A friend of mine has a Platy fish that's having trouble swimming. It's sort of laying on its side and struggling, and we're not sure what to do.

We looked some stuff up online, they said feeding them mashed up frozen peas was one remedy. Is this true? Are there other ways to fix up the little guy?

Edit: Another article says to let the fish fast for 3 days to let him digest. She says she feeds him a couple times a day, but that's because one of the 4 that she has is rowdy and greedy but is having no problems whatsoever.


----------



## NaomiM (Sep 22, 2012)

Is is swimming on its side, or laying on its side at the bottom? Swimming on its side with a distended stomach would indicate swim bladder problems, which is what the peas are for. If the peas fail, there are other things you can try, but we need to establish whether it's really a swim bladder issue first.

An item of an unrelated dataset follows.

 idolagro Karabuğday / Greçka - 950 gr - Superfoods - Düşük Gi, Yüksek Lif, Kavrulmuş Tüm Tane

Is it a female, and has it been in with males at all? Platys are prolific breeders, and can sometimes experience problems after giving birth (I lost one this way).

How long has she had them? Was the tank cycled? Has she tested the water for ammonia and nitrite?

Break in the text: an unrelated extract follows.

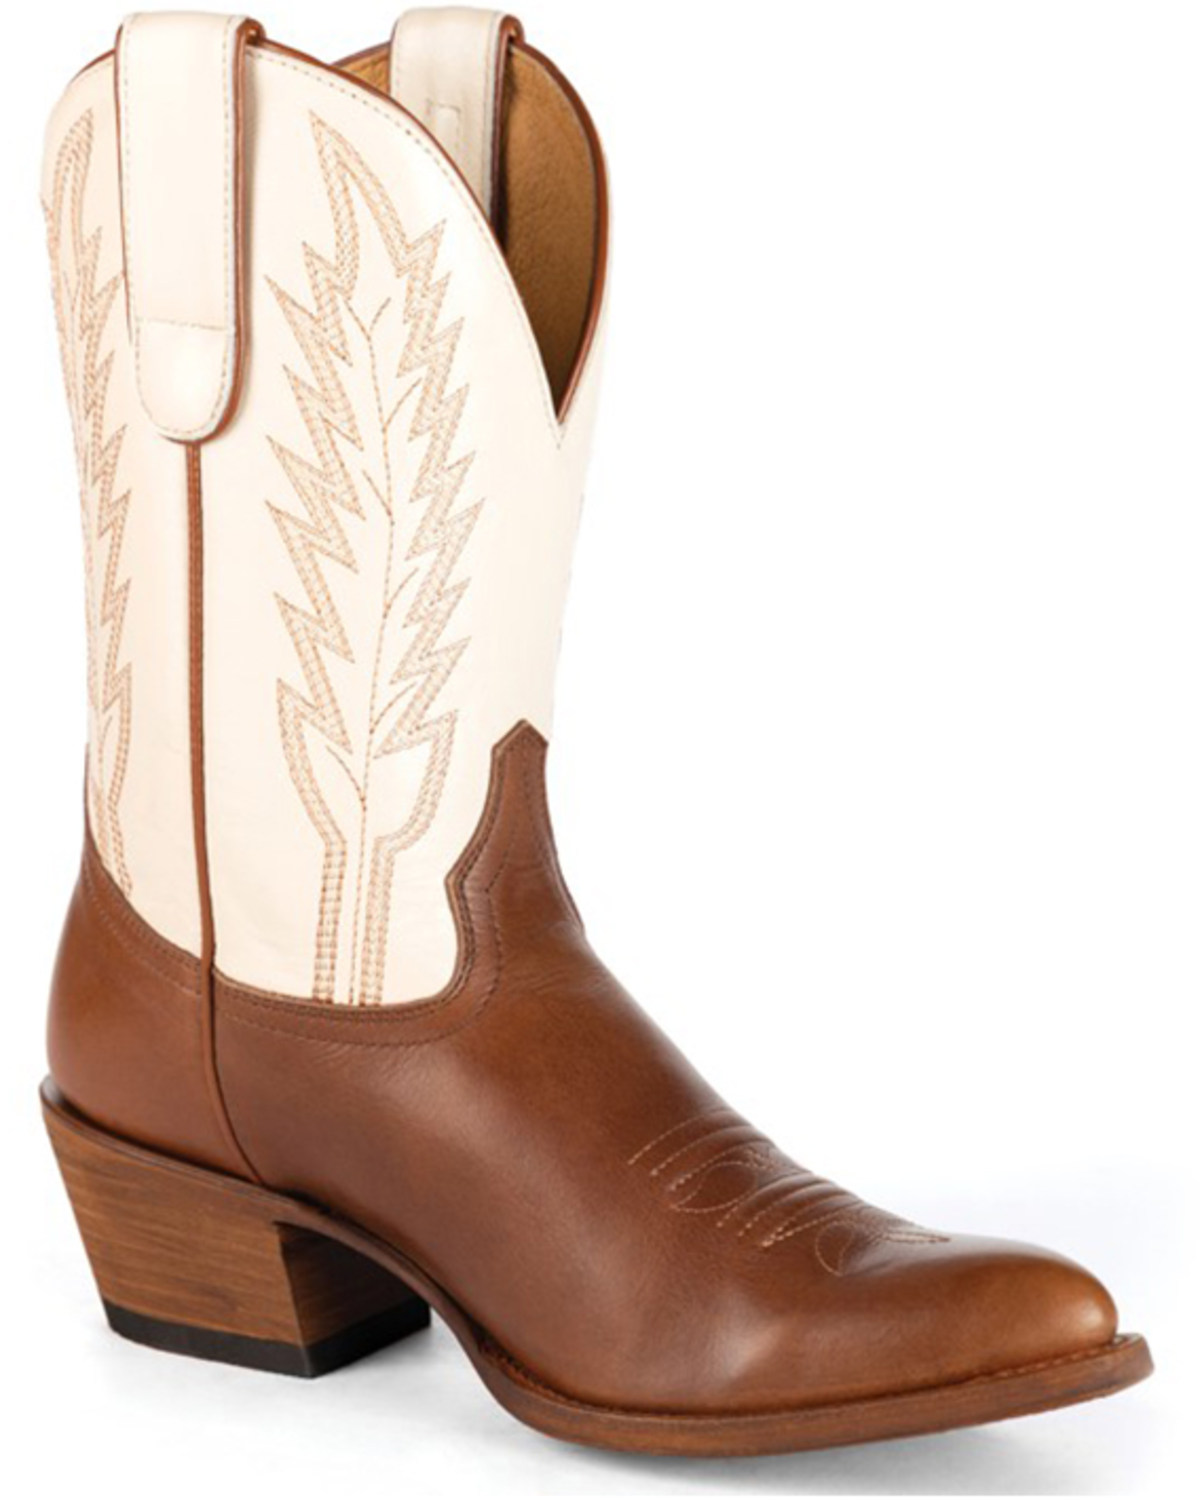 Macie Bean Women's Oh My Western Boots - Round Toe

I wouldn't personally feed as often as twice a day, even in that situation. If she's feeding flake, she can pinch the flakes under the water rather than scattering them on the surface. That way they disperse around the tank better (even more so if you put them in near the filter outlet) giving the slower/less greedy fish a chance to get their share.


Edit - if you do try the peas (or pea - one is more than enough with only 4 fish in the tank) it should replace the normal food on that day. Cook it and remove the outer shell, then crush up the inner part. It's not a bad idea to do this once a week or so in any case, as it keeps their digestive systems working nicely.


----------



## TodoMM (Apr 30, 2016)

@NaomiM
"the fish is swimming on its side at the bottom of the tank, so I'd assume it's a swim bladder issue. I'm pretty sure that this fish is a male, so the problem wasn't caused by pregnancy issues. ive had them for roughly 4 years with no previous problem with this specific fish other than a cut on its lower belly (presumably from another fish, so the problem could be caused by an infection)
I haven't checked the water recently. They get pellets that sink, and i do scatter them around the tank. Thanks for the reply too" --Is her reply


----------



## NaomiM (Sep 22, 2012)

Fish with swim bladder issues are more likely to stay at the top of the tank rather than the bottom in my experience. If she's had them four years, it may just be old age - four years is about the average lifespan for platys. I'd do a water test anyway as this is generally the first port of call with a poorly fish, to eliminate water quality issues. Re the cut, how recently did it happen? Does it look white or red around the edges at all? It might be worth adding a dose of Melafix - a general-purpose antibacterial and antifungal medication that is mild enough not to harm the filter bacteria, so is a good go-to med for preventing infections.


----------



## TodoMM (Apr 30, 2016)

@NaomiM We read your reply, but unfortunately the little platy died today. We were just speculating about the old age since it was about 3 years old. Thanks so much for your help though!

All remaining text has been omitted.